Effective 1 January 2014, the re-codification of the Czech civil law introduced a new system of regulation of corporate groups (koncerny) deviating from the current conceptual sources in German legal regulation.
Corporate groups will now have more flexibility in the management of business affairs, permitting full utilisation of synergic effects existing within such groups. On the other hand, a number of new duties will be imposed on the members of corporate groups and, unlike under the previous legal regime effective until 31 December 2013, it may be expected that the members of statutory bodies of controlling persons will generally exercise more vigilance and business awareness when making business decisions concerning a corporate group.
Corporate group building blocks
Under the new Czech civil law, a corporate group represents a complex form of management of business groups where one or more persons (controlled persons) are under the influence of another person or persons (controlling persons) regarding operations of the controlled person aiming to (for the purpose of the long-term asserting of the corporate group’s interests within a uniform policy of the corporate group) co-ordinate and manage conceptually at least one significant element or activity within the business operations of the corporate group.
Now, a corporate group will be established even if only some elements within business operations of the entire corporate group are subject to uniform policy and direction (eg, financial operations, production, human resources, etc.).
De facto corporate group and controlling agreements
The new legal regulation works exclusively with the concept of a de facto corporate group (faktický koncern). The existence of the corporate group is then solely based on factual satisfaction of the above outlined corporate group’s building blocks.
The new concept also translates into removal of controlling agreements and profit transfer agreements from the new legal regulation, and automatic termination of such agreements entered into until 31 December 2013 by operation of law, all with effects as at the last day of the accounting period immediately following 30 June 2014.
Affiliation with corporate group
Along with the de facto existence of a corporate group, the publication of the existence and affiliation with the corporate group on the websites of all corporate group members is an essential condition for reliance on statutory rules on compensation of damage within the corporate group. Without satisfaction of the outlined corporate group’s building blocks, the publication of the existence and affiliation with the corporate group alone will not result in establishment of the corporate group.
Despite the wording of the law, the controlled person need not own the internet domain where the website containing information on the corporate group’s existence is located. A reference to its own website should comprise also the website that the controlled person is using based on a valid legal title.
From the territorial perspective, the requirement to publish the existence of the corporate group on a website should not apply to controlled persons governed by a foreign corporate status (eg, a German corporation).

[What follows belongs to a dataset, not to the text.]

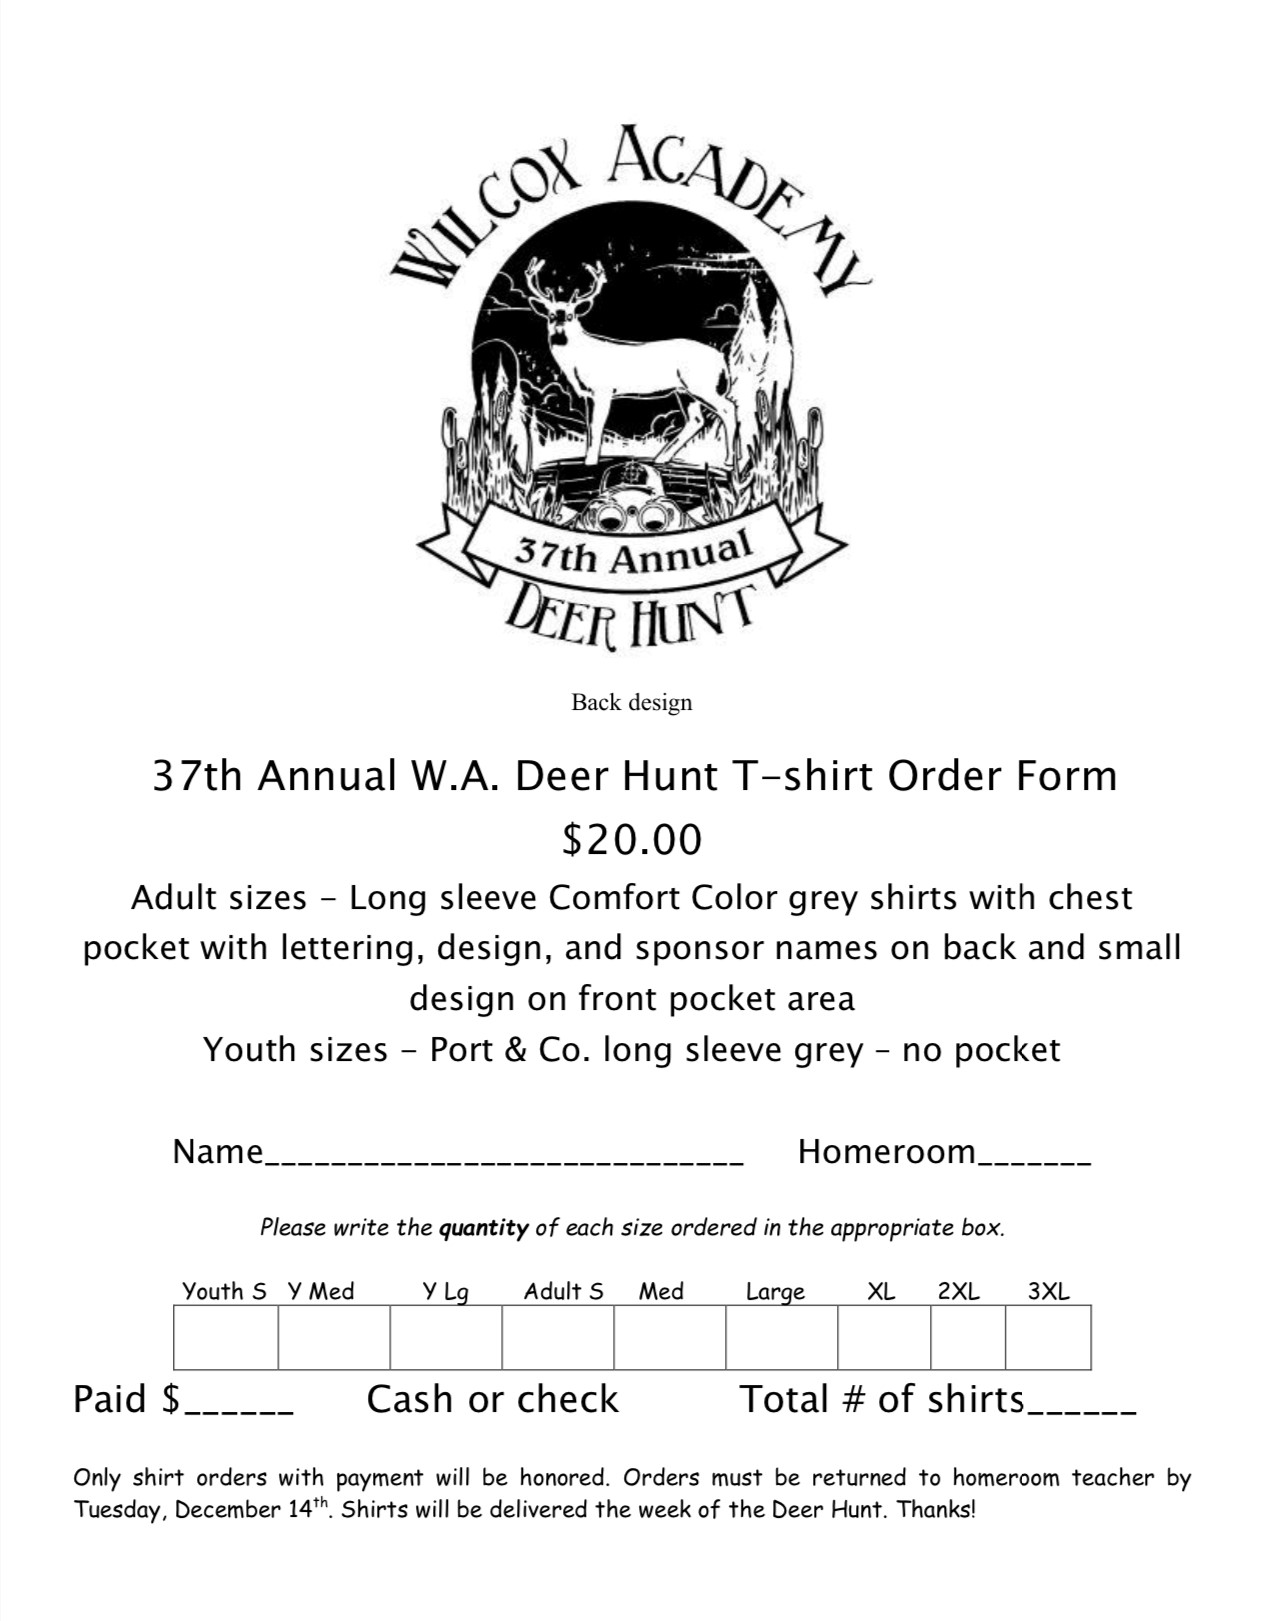 Deer Hunt Tshirt Order Form

Instructions concerning business decisions
A possibility of the controlling person to give instructions to the controlled person concerning business decisions is a basic consequence of the existence of the corporate group. But such instructions must be in the interest of the controlling person or another person that forms a corporate group with the controlling person.
Such possibility is a specific exception from a general prohibition to instruct the statutory body of a business corporation on matters concerning business decisions.
Compensation of damages within the corporate group
A basic consequence of the corporate group’s existence, and declaration on affiliation with the corporate group, is the possibility of the controlling person to discharge a duty to compensate for damages suffered by a controlled person under the influence of the controlling person. To use such a possibility, the controlling person must prove that the damage (i) was established in the interest of the controlling person or another person forming a corporate group with the corporate group and (ii) was or will be compensated within the corporate group.
Damages will be deemed compensated if they are settled within the corporate group in an adequate manner or through other demonstrable benefits resulting from membership in the corporate group, all within a reasonable time. Benefits would typically comprise lower costs of external financing, easier access to customers, etc.
A limitation to a damages compensation mechanism would be an instance of insolvency of the controlled person that resulted from the controlling person’s steps.
Minority shareholders sell-out right
To reinforce the position of minority shareholders, a new regulation introduces a right of minority shareholders to request that the controlling person buy their shares for an adequate price, if the controlling person exercises its influence over the controlled person in a manner resulting in material aggravation of the position of the minority shareholders of the controlled person or in other material aggravation of their interests – and for these reasons it is not fair to demand that the minority shareholders remain in the controlled person.
The new Business Corporations Act introduces a new concept of regulation of corporate groups, offering a higher level of flexibility and permitting full use of synergic effects existing within corporate groups by allowing the controlling person to compensate for the damages caused to the controlled person upon employment of the influence of the controlling person.